EXERCISE: Print the listing below exactly, images excluded.

SOURCE MATERIAL:
BEGIN

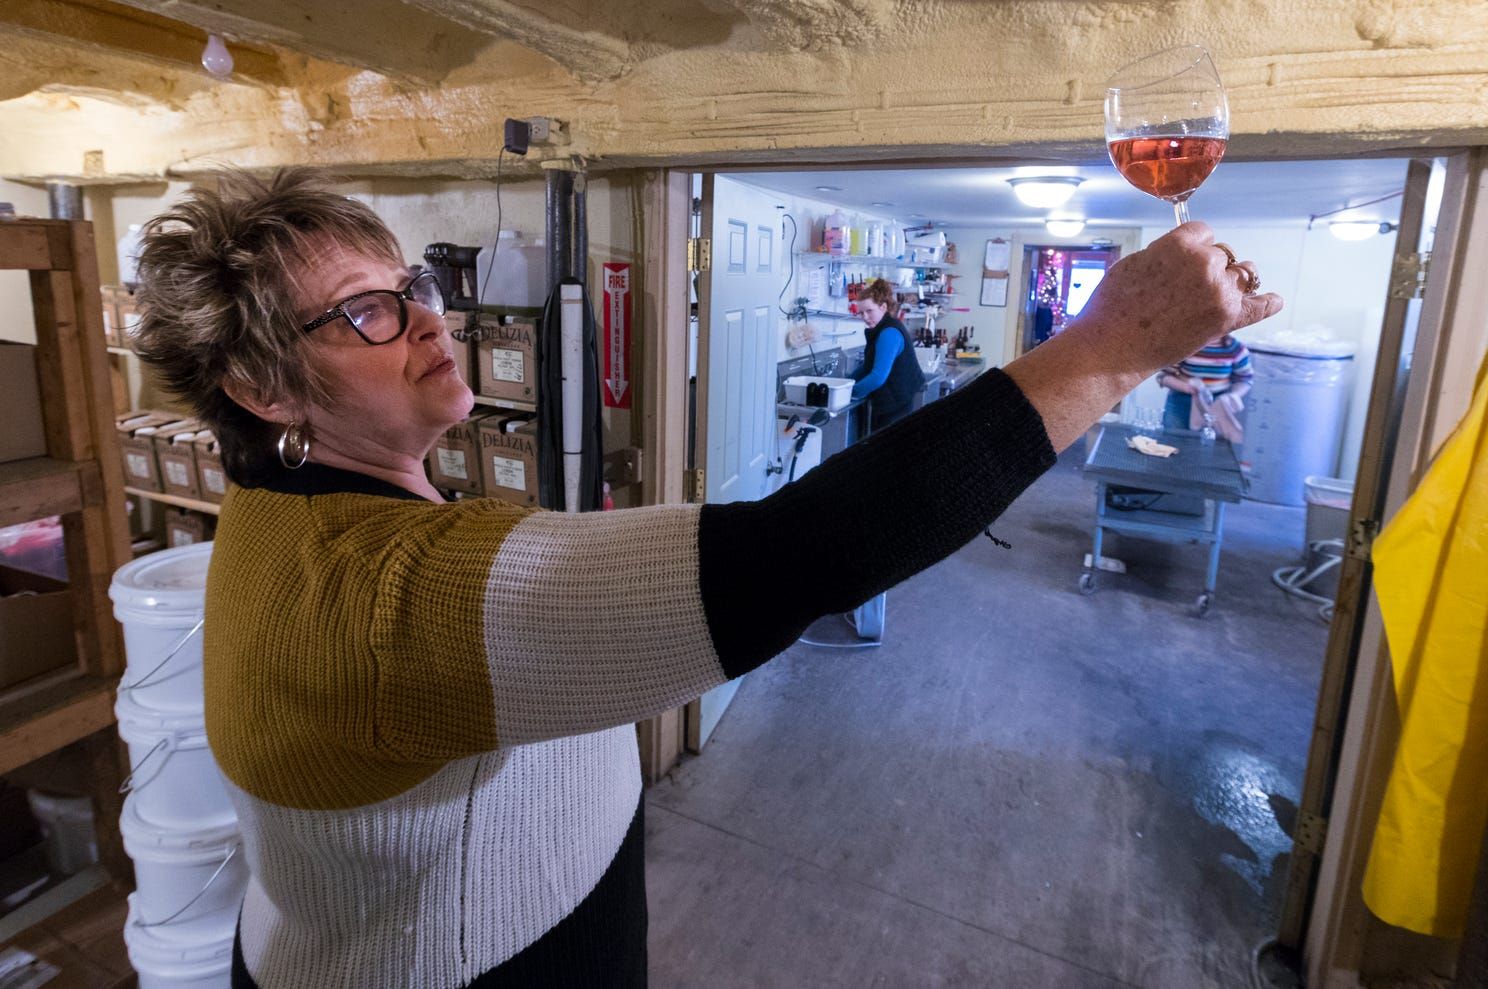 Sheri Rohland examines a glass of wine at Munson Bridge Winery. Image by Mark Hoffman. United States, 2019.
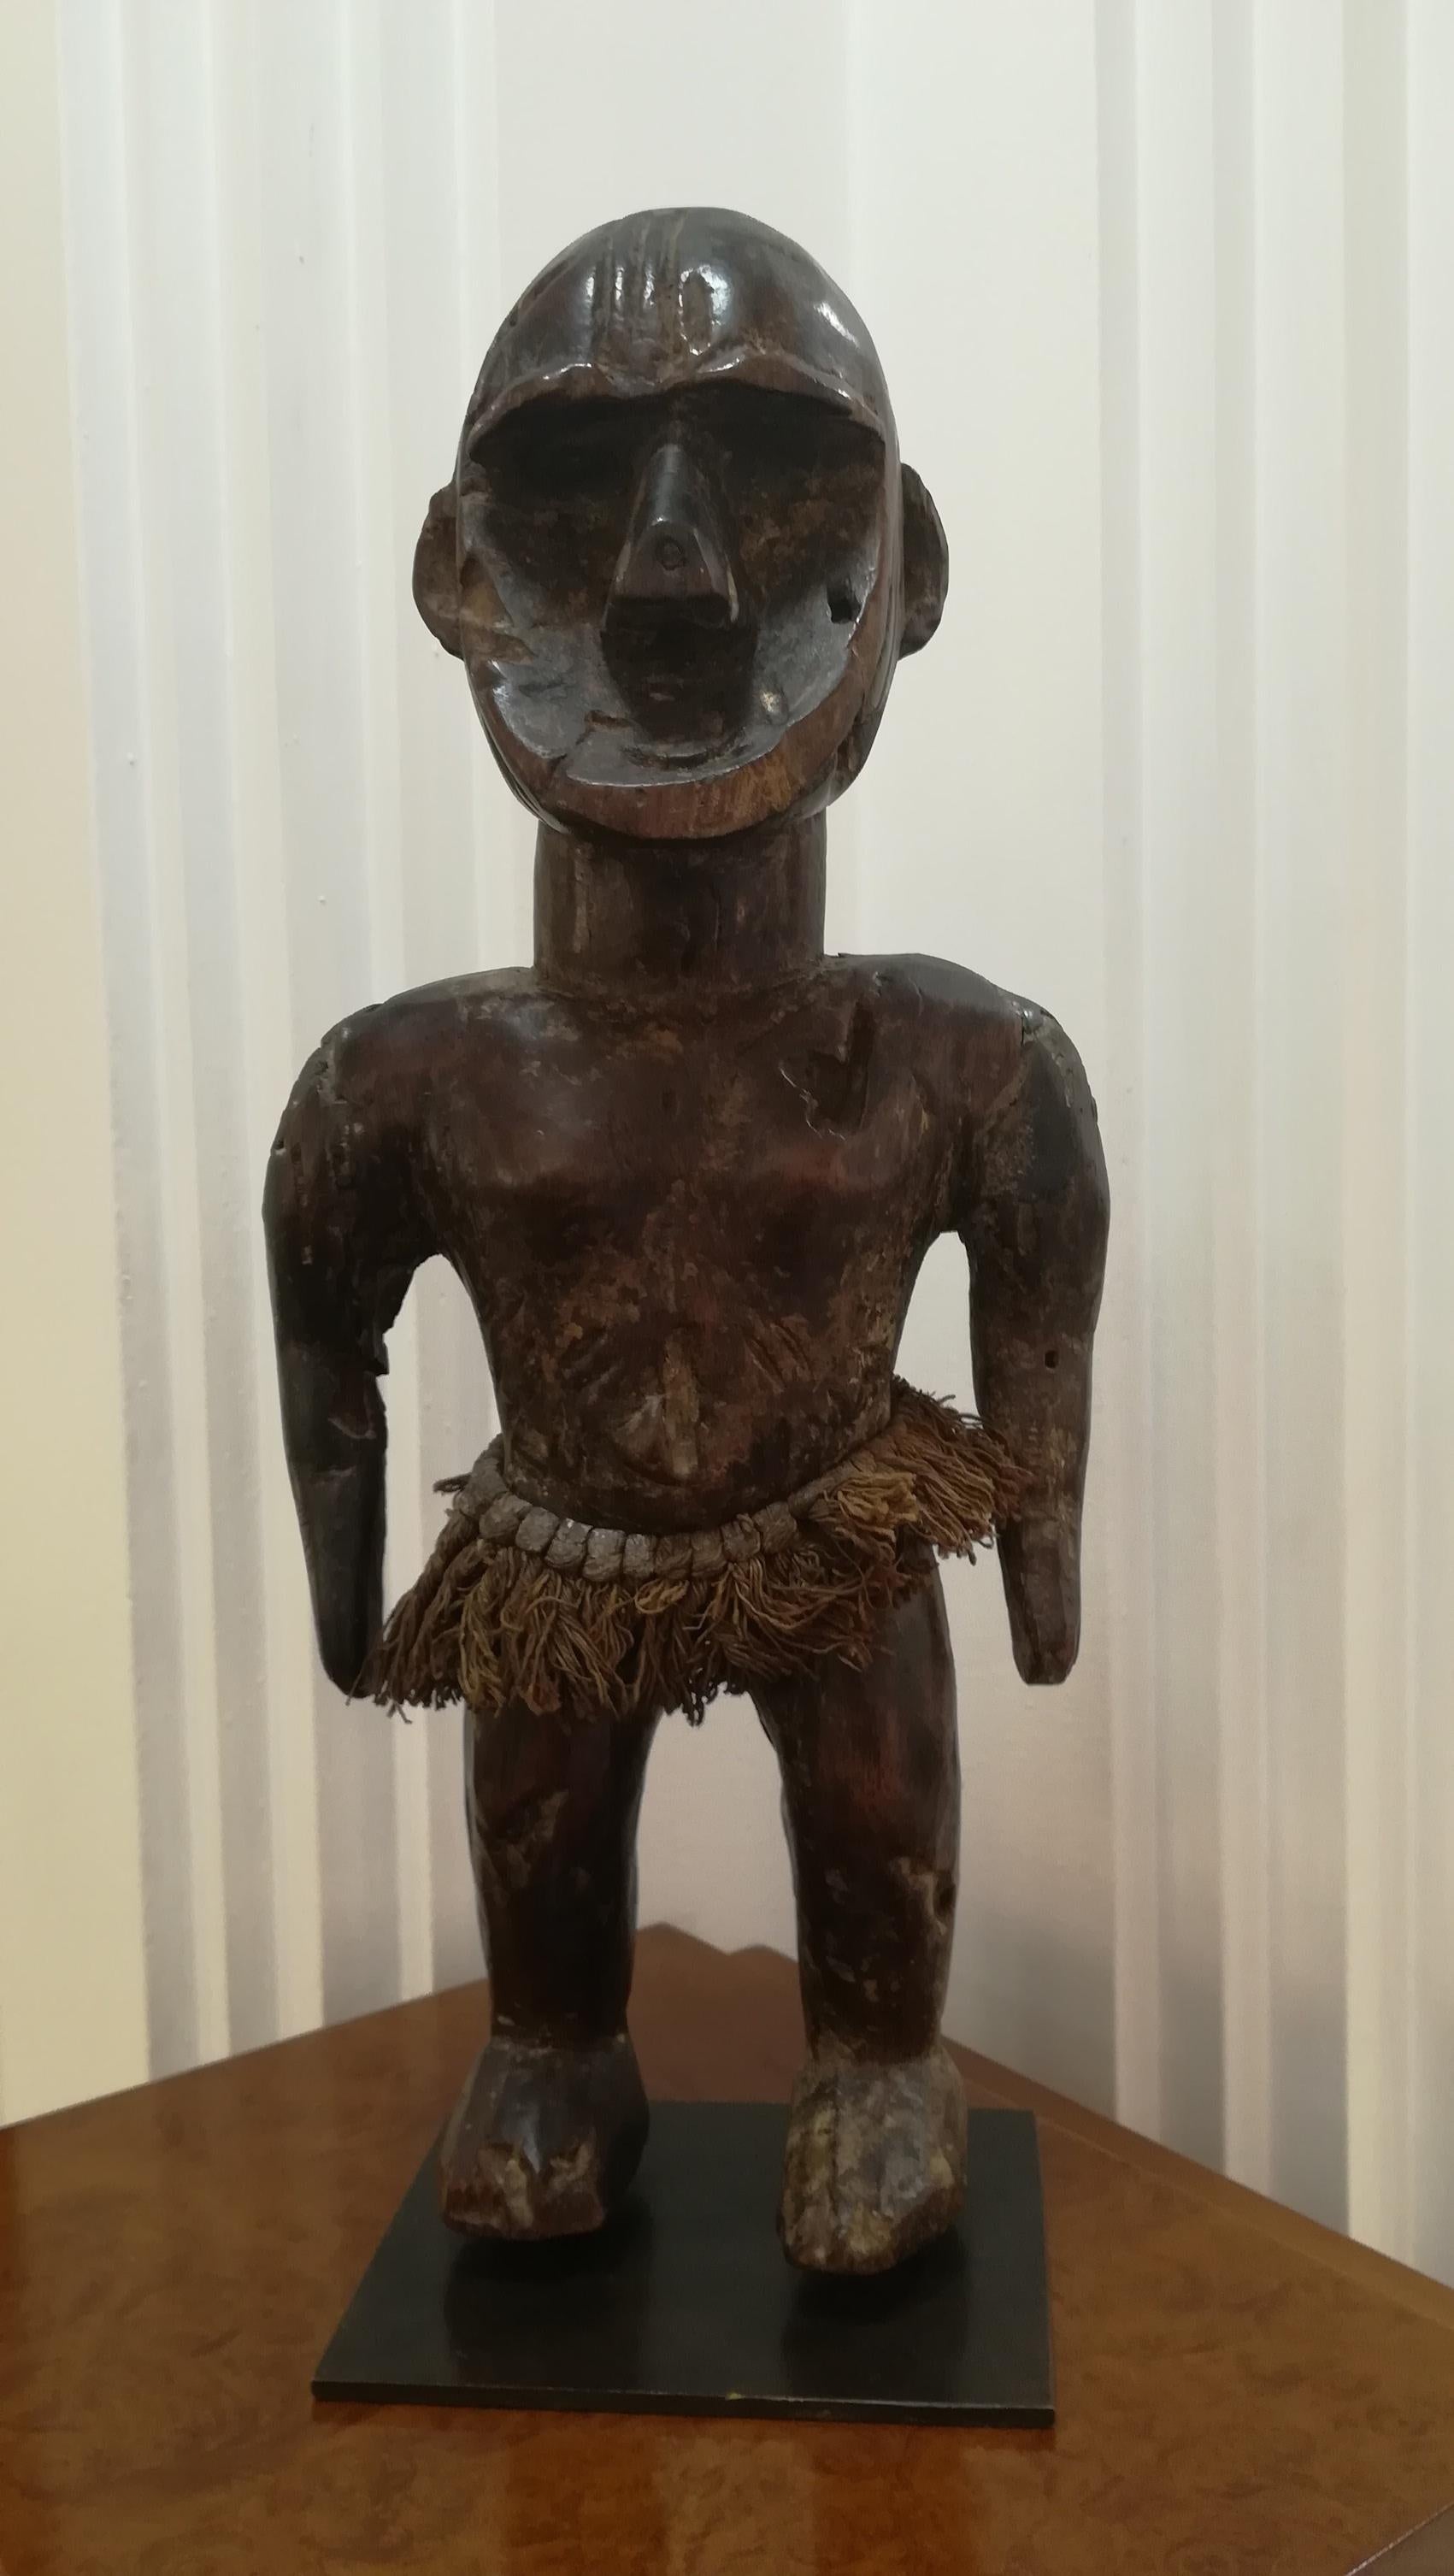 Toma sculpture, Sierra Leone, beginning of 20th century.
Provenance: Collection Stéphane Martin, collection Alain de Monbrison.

END

WRITTEN SOLUTION:
 Sheri Rohland examines a glass of wine at Munson Bridge Winery. Image by Mark Hoffman. United States, 2019.
 Toma sculpture, Sierra Leone, beginning of 20th century.
Provenance: Collection Stéphane Martin, collection Alain de Monbrison.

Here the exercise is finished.